Мы двинулись по пляжу за своими велосипедами, которые спрятали за чьим-то домом на берегу. Мы шли по раскаленному песку, и каждый знал, чей сегодня был день. Кулаки ничего не могли изменить в этой ситуации. Конечно, с их помощью можно было добиться некоторого облегчения, но не больше. На обратном пути я уже не пытался обставить Джимми на своем велосипеде. Мне нужно было нечто радикальное, например, зеленый купе с блондинкой, чьи волосы развевались бы на ветру.

40

РТОК был отстойником неудачников. Как я уже говорил, этот класс был альтернативой физкультурной группе. Я мог бы пойти в физкласс, но мне не хотелось, чтобы все таращились на мои гнойники и шрамы. Личный состав РТОК состоял из чудил, не любивших спорт, и из тех бедолаг, которых запихали сюда родители.
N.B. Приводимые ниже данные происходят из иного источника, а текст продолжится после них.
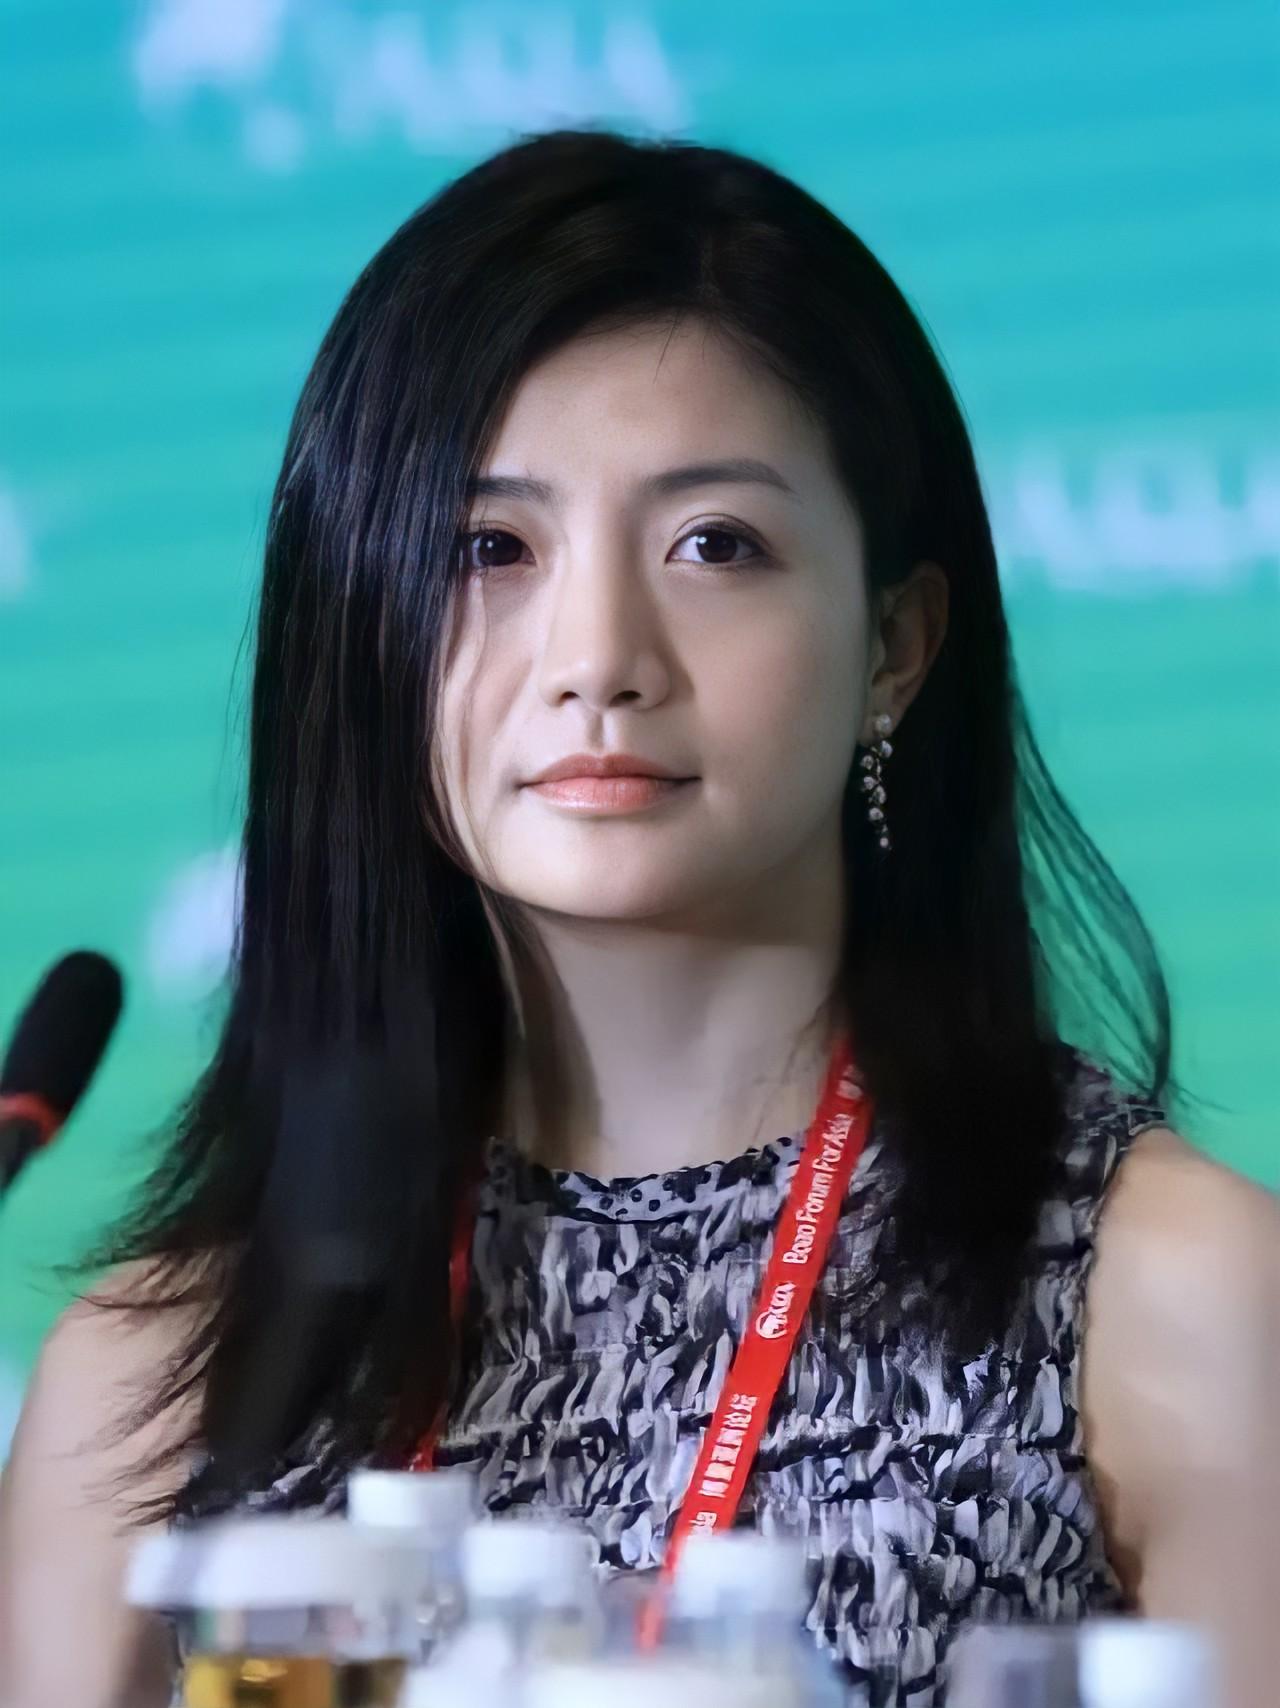 Nữ hoàng tài chính xinh đẹp như búp bê Barbie là ai mà khiến Jack Ma phải 3 lần bay đến tận Thung lũng Silicon để thu phục? - Ảnh 1.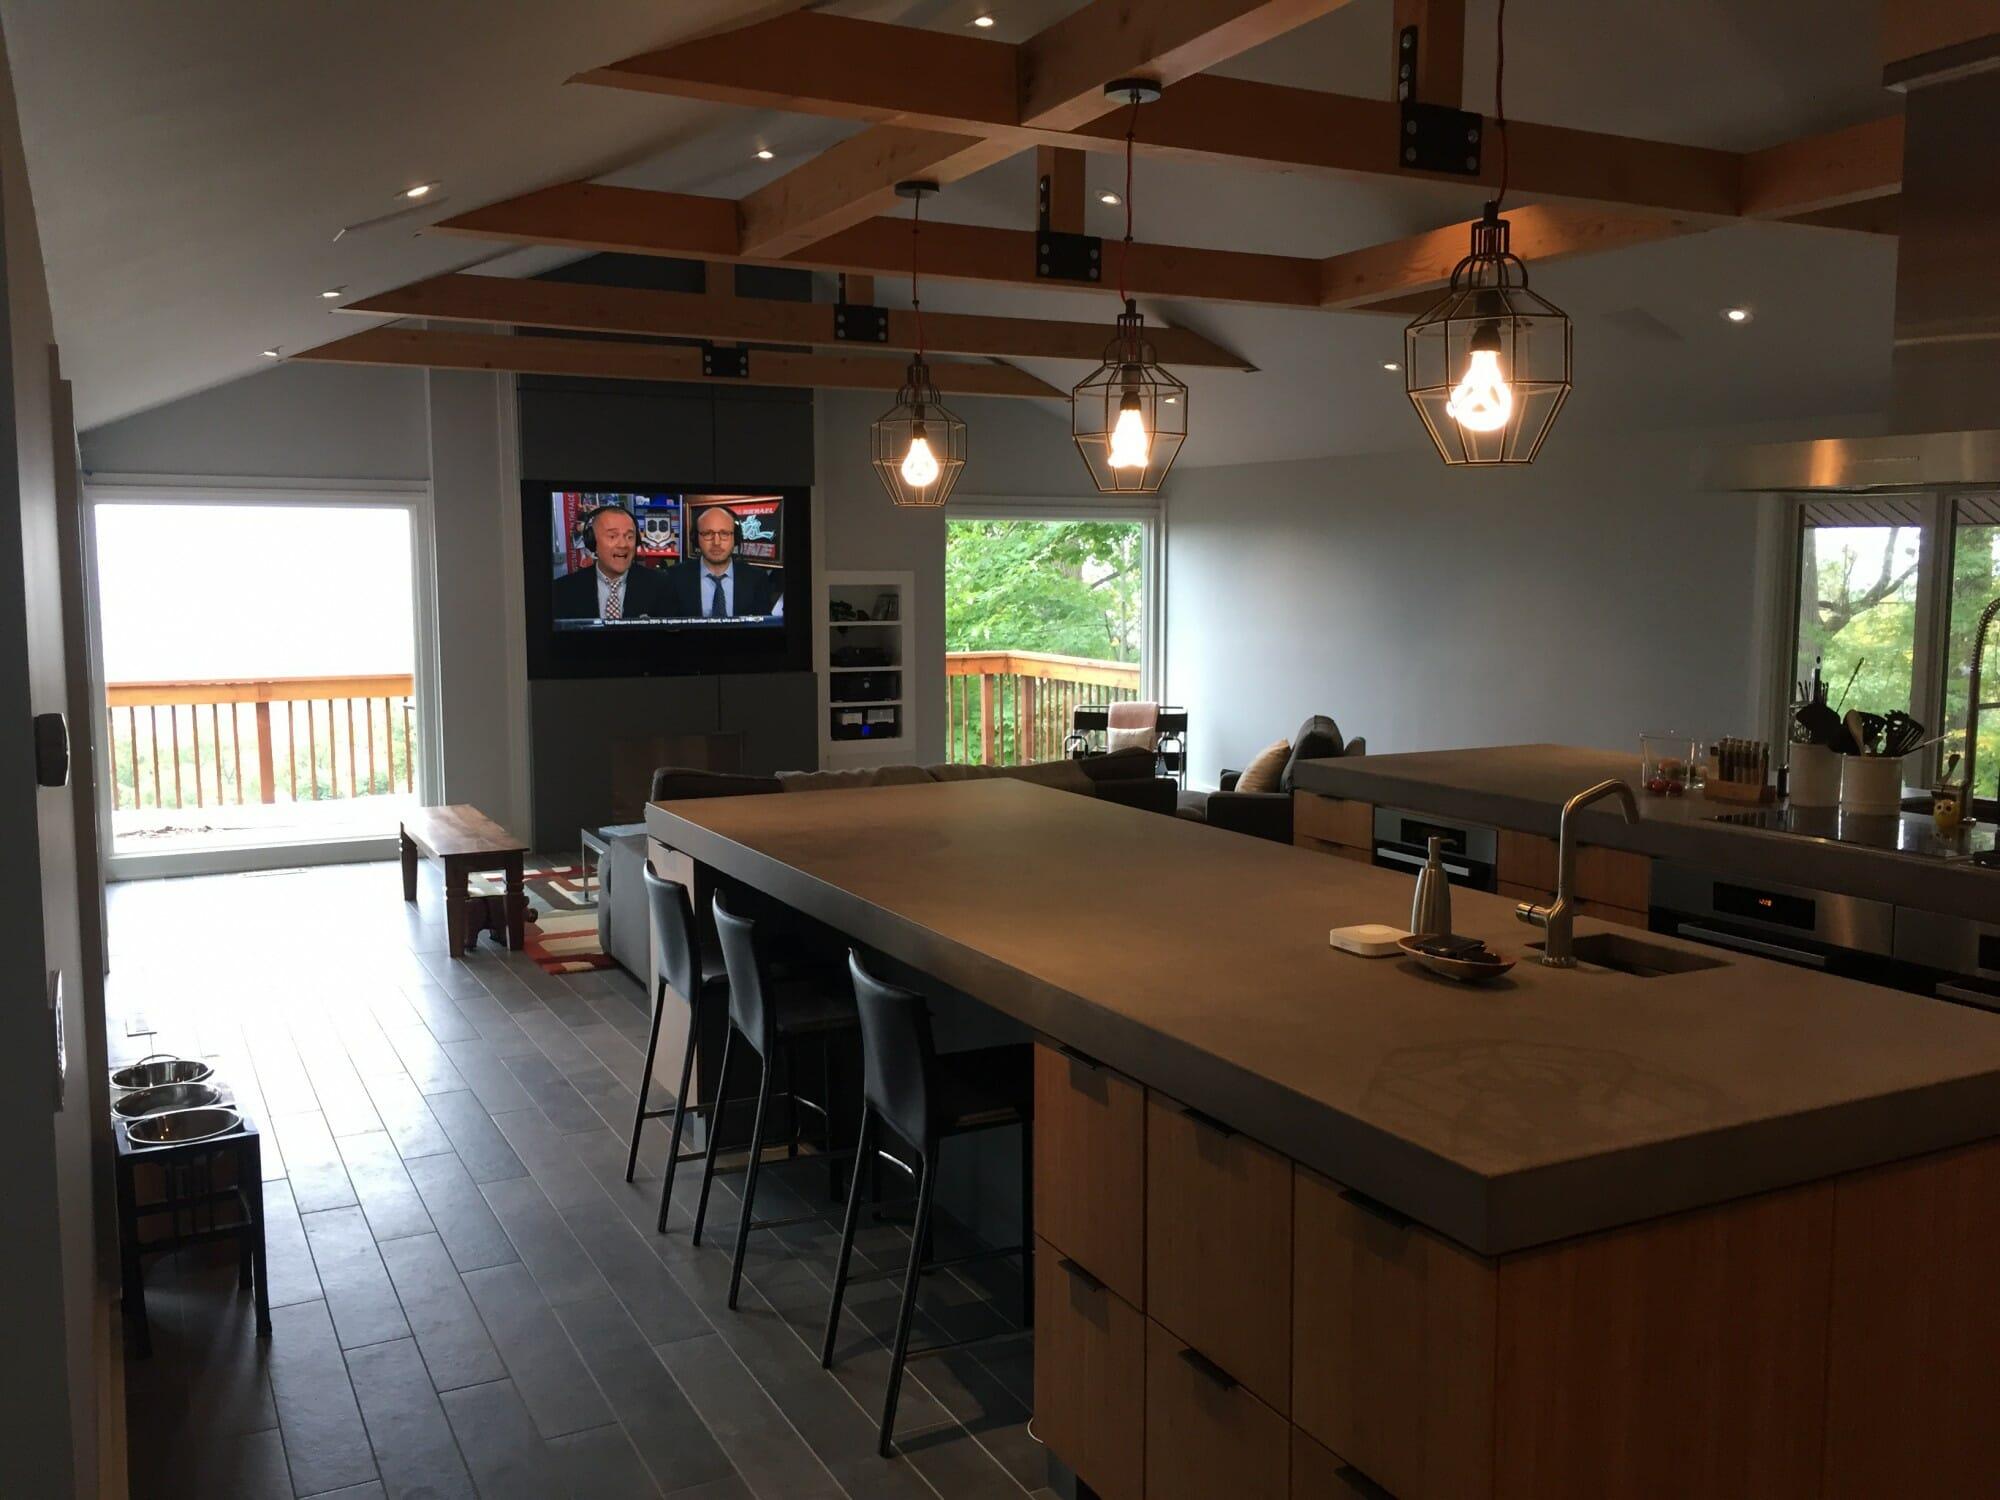 Sleek ceiling timbers

Они считали это проявлением патриотизма. Среди богатых родителей было больше патриотов, наверное, потому что они и теряли больше в случае порабощения страны. Бедных родителей-патриотов было гораздо меньше, и зачастую они проявляли его только потому, что этого от них требовали, косвенно, но требовали. Или же таким хитроумным маневром они могли приподняться в глазах общественности. Подсознательно, бедняки (особенно чернокожие) понимали, что им ничего не грозит, если страну поработят русские, немцы, китайцы или японцы. Возможно, что ситуация даже улучшится. Но так как большинство родителей челсовских учеников были при бабках, у нас в школе числился один из самых больших РТОКов в городе.

Итак, мы маршировали под палящим солнцем, учились сооружать походные туалеты, бороться со змеиными укусами, ухаживать за ранеными, накладывать жгут, колоть штыком врага. Мы изучали ручные гранаты, тайное проникновение на территорию противника, дислокацию войск, отступление, наступление, интеллектуальные и физические дисциплины. Мы ездили на стрельбище, и самые меткие получали медали. Наш корпус участвовал в военных маневрах. Мы высаживались в лесах и разыгрывали учебную военную кампанию. Мы ползали по-пластунски, путаясь в своих винтовках. Мы были очень серьезны, даже я поддался. Было в этом что-то волнующее, что заставляло кровь бегать быстрее. Мы все понимали, по крайней мере, большинство из нас, что это чушь и профанация, но что-то перемыкало у нас в мозгах, и мы рвались в бой. Командовал нами отставной армейский офицер — полковник Сассекс — дряхлый и слюнявый старик. Тонкими струйками слюни вытекали из краешков рта и сливались в большие капли под подбородком. Полковник никогда ничего не говорил. Он просто стоял в своем мундире, увешанном орденами и медалями. За это школа платила ему зарплату. Во время наших учебных маневров он приносил с собой блокнот для подсчета очков, взбирался на самое высокое место и, наблюдая за ходом сражения, делал в блокноте пометки. Но полковник никогда не говорил нам, кто победил. Каждая сторона считала себя победившей. Скверная ситуация.

Лейтенант Герман Бичкрофт был лучше. Его отец владея пекарней и рестораном при гостинице. Но, как бы там ни было, лейтенант выделялся. Он всегда перед маневрами напутствовал нас горячей речью.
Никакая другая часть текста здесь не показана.